Revisiting my Childhood Cowboys

Having finished The Wire and The Sopranos and Deadwood and Rome and still waiting on the next seasons of Galactica and Lost to hit DVD, I talked Mary into watching the 1989 miniseries Lonesome Dove, based on Larry McMurtry’s novel.  Having been away from it for almost twenty years, I only remembered the basic plot details and a few one-liners that have lived on as Gilmour house dialogue.

Some fond memories from childhood hold up over time, and others just make one realize what one forgets over time.  The miniseries was some of both.  The story wasn’t by any means a bad one, but ultimately it was just a very very long cowboy movie (I wonder whether the producers and editors could have cut one of the six hours out simply by shortening the sequences where cows file past with orchestral strings playing in the background) with some very big names playing standard cowboy movie characters.  It has Jake Spoon, the fallen ranger; Lorena, the hooker with a heart of gold (Diane Lane); Clara, the long-abandoned lover who could never get the cowboy to settle down (Anjelica Houston); and Blue Duck, the Indian murderer/rapist/kidnapper/torturer who’s bad enough to be the Manichean bad guy to a bunch of flawed Mark-Twainish good guys.  There are also bumbling hired hands, the youngster who comes into his own and takes over the ranch when the old-timers fade into the sunset (played by Ricky Schroder at the tail end of his Ricky years), and Josh Deets, the tracker, played by Danny Glover, who might just be the most magical one of his sort until Will Smith comes along to play Bagger Vance.  (The character even makes a post-mortem appearance to guide a bumbling hired hand back to the herd.)

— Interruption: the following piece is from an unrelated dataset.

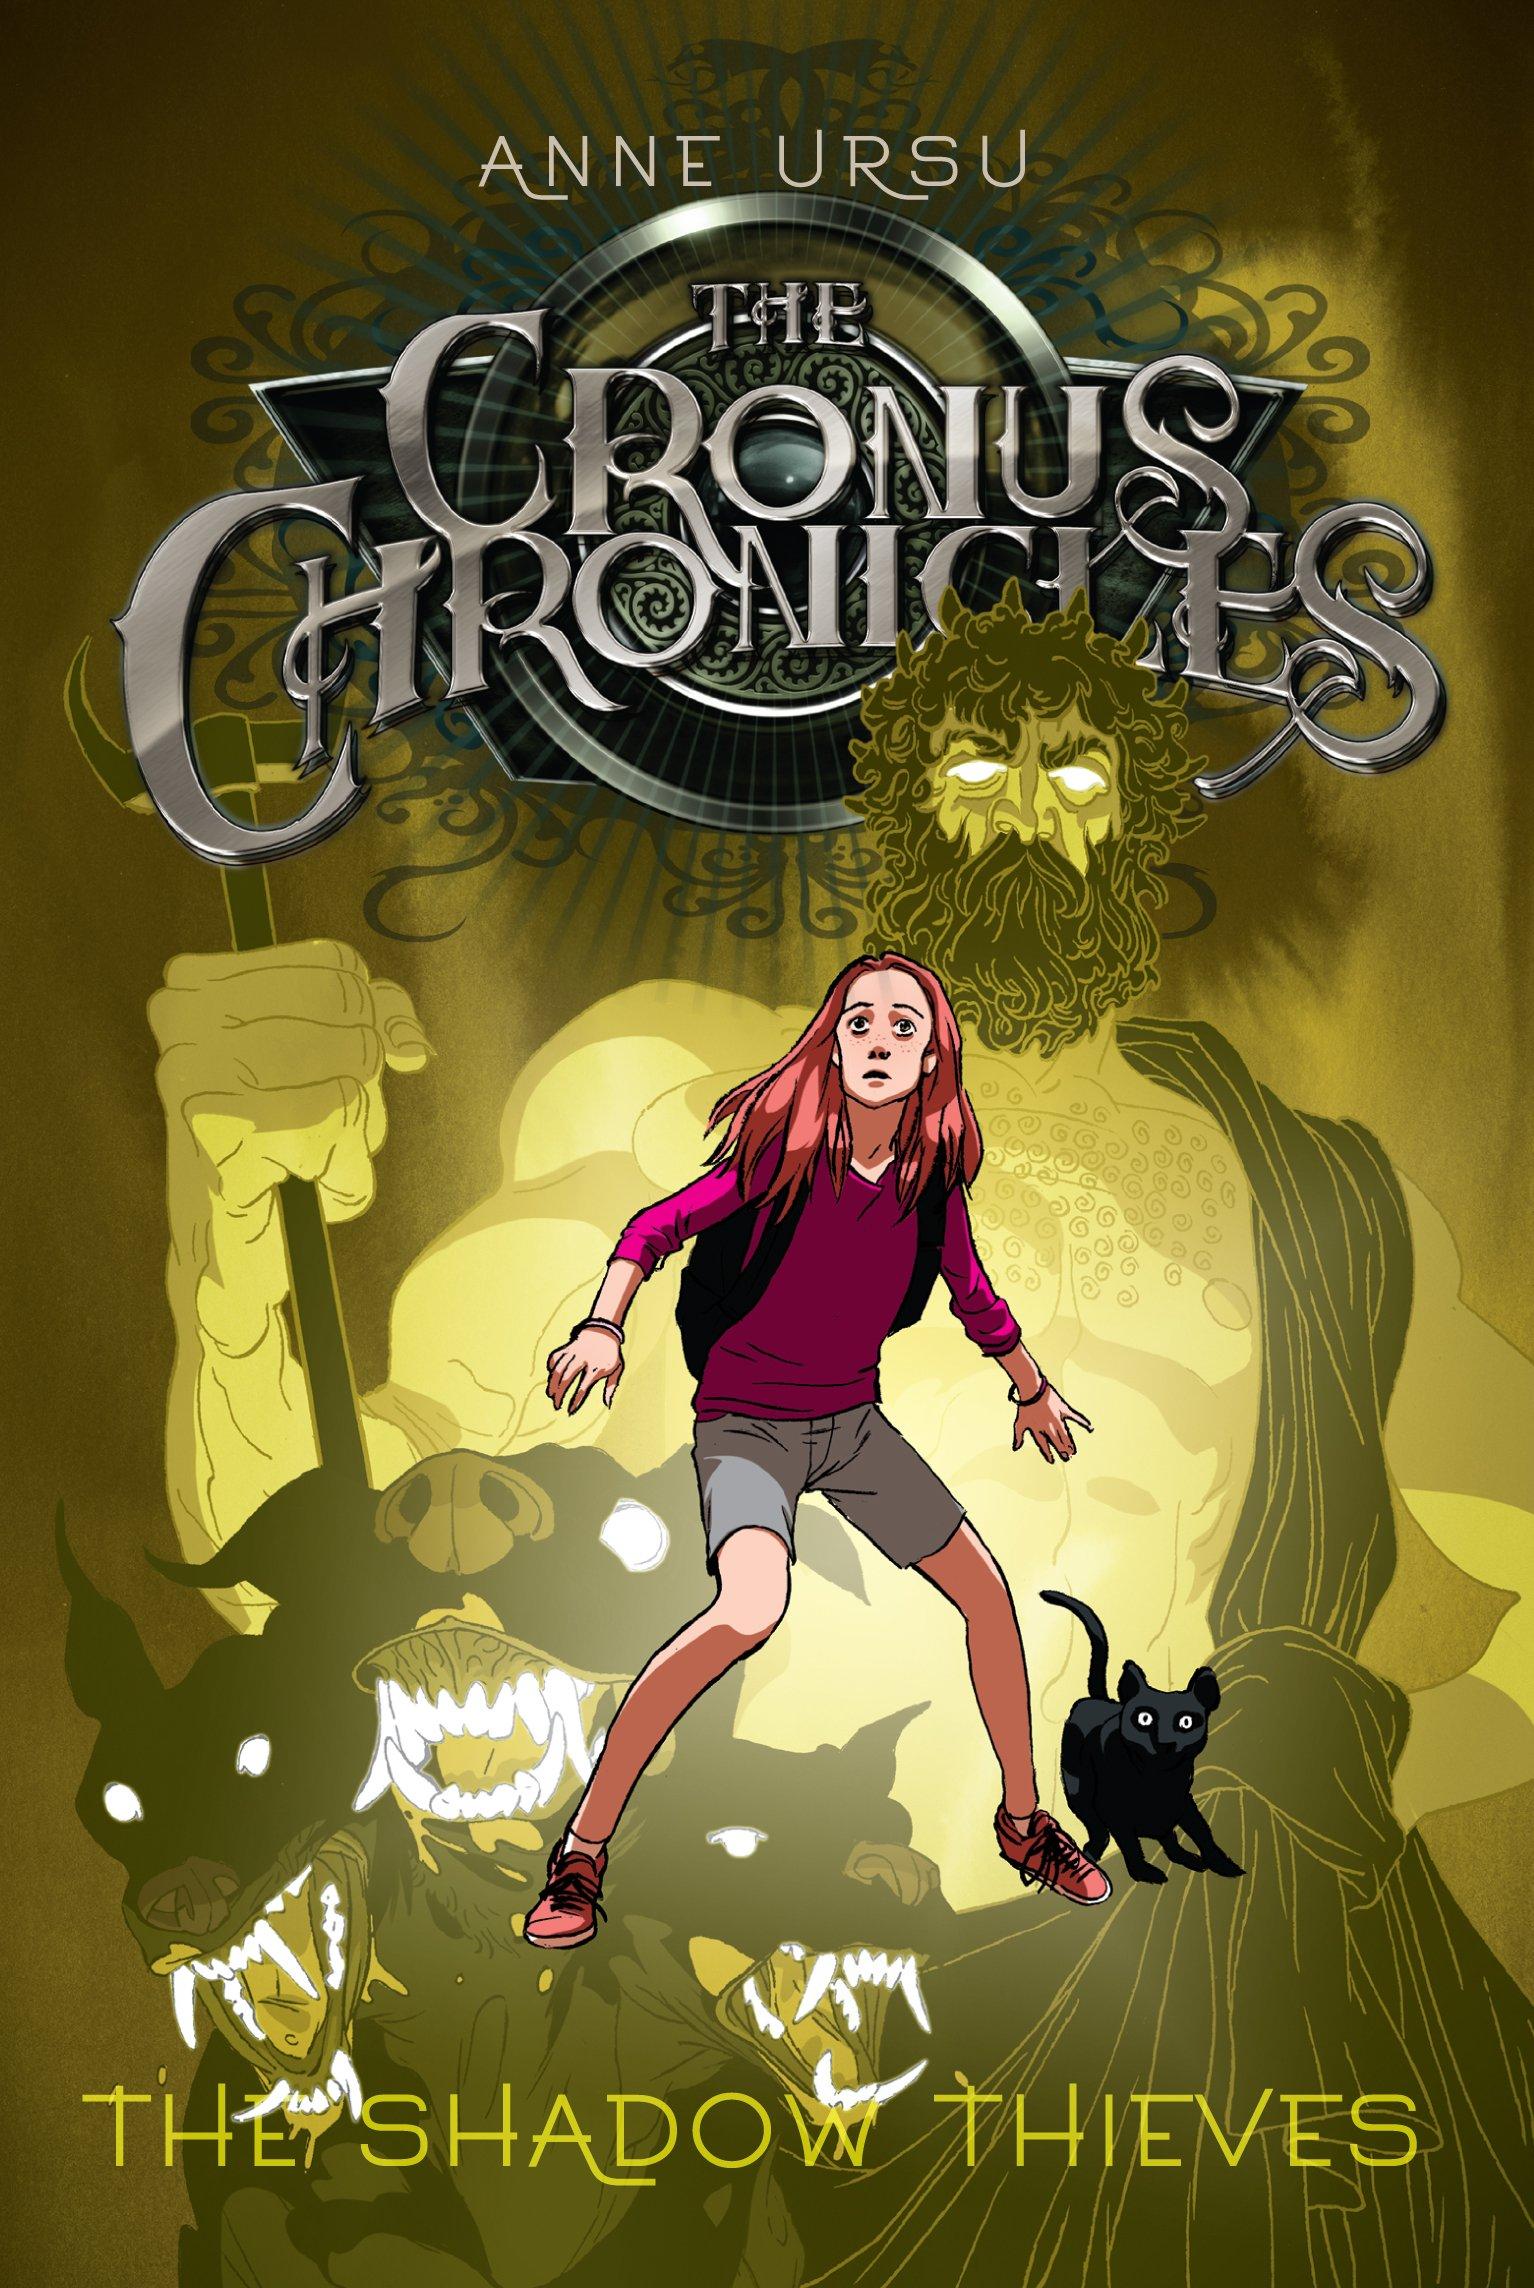 Shadow Thieves Cronus Chronicles

Two characters do set Lonesome Dove apart, namely Augustus McCrae, played by Robert Duvall, and Woodrow Call, played by Tommy Lee Jones.  Both are retired Texas rangers who decide to lead a cattle drive when they hear that there is good land up for grabs (which is to say to grab from Indians) in the Montana territory.  I can’t think of a Duvall character I don’t like, and old Gus is no exception.  The man can just deliver one-liners like no other actor, and the long sequences of cattle filing past were worth the wait so long as I remembered that Duvall was going to be on screen soon laying another one down, preferably with Jones playing his straight man.  McMurtry’s story has the two men’s lives so intertwined that they’re nearly incapable of human relationships outside of their friendship, but nonetheless they’re great on screen, Duvall throwing three zingers a scene and Jones scowling and telling Duvall that he’s full of beans.  If somebody released a digest version with just those two characters’ dialogue, that might be worth watching in its own right.

Overall I wasn’t sorry to revisit this one.  I realize that most people’s childhood cowboys probably weren’t these, but they’re my cowboys, and we had a good visit.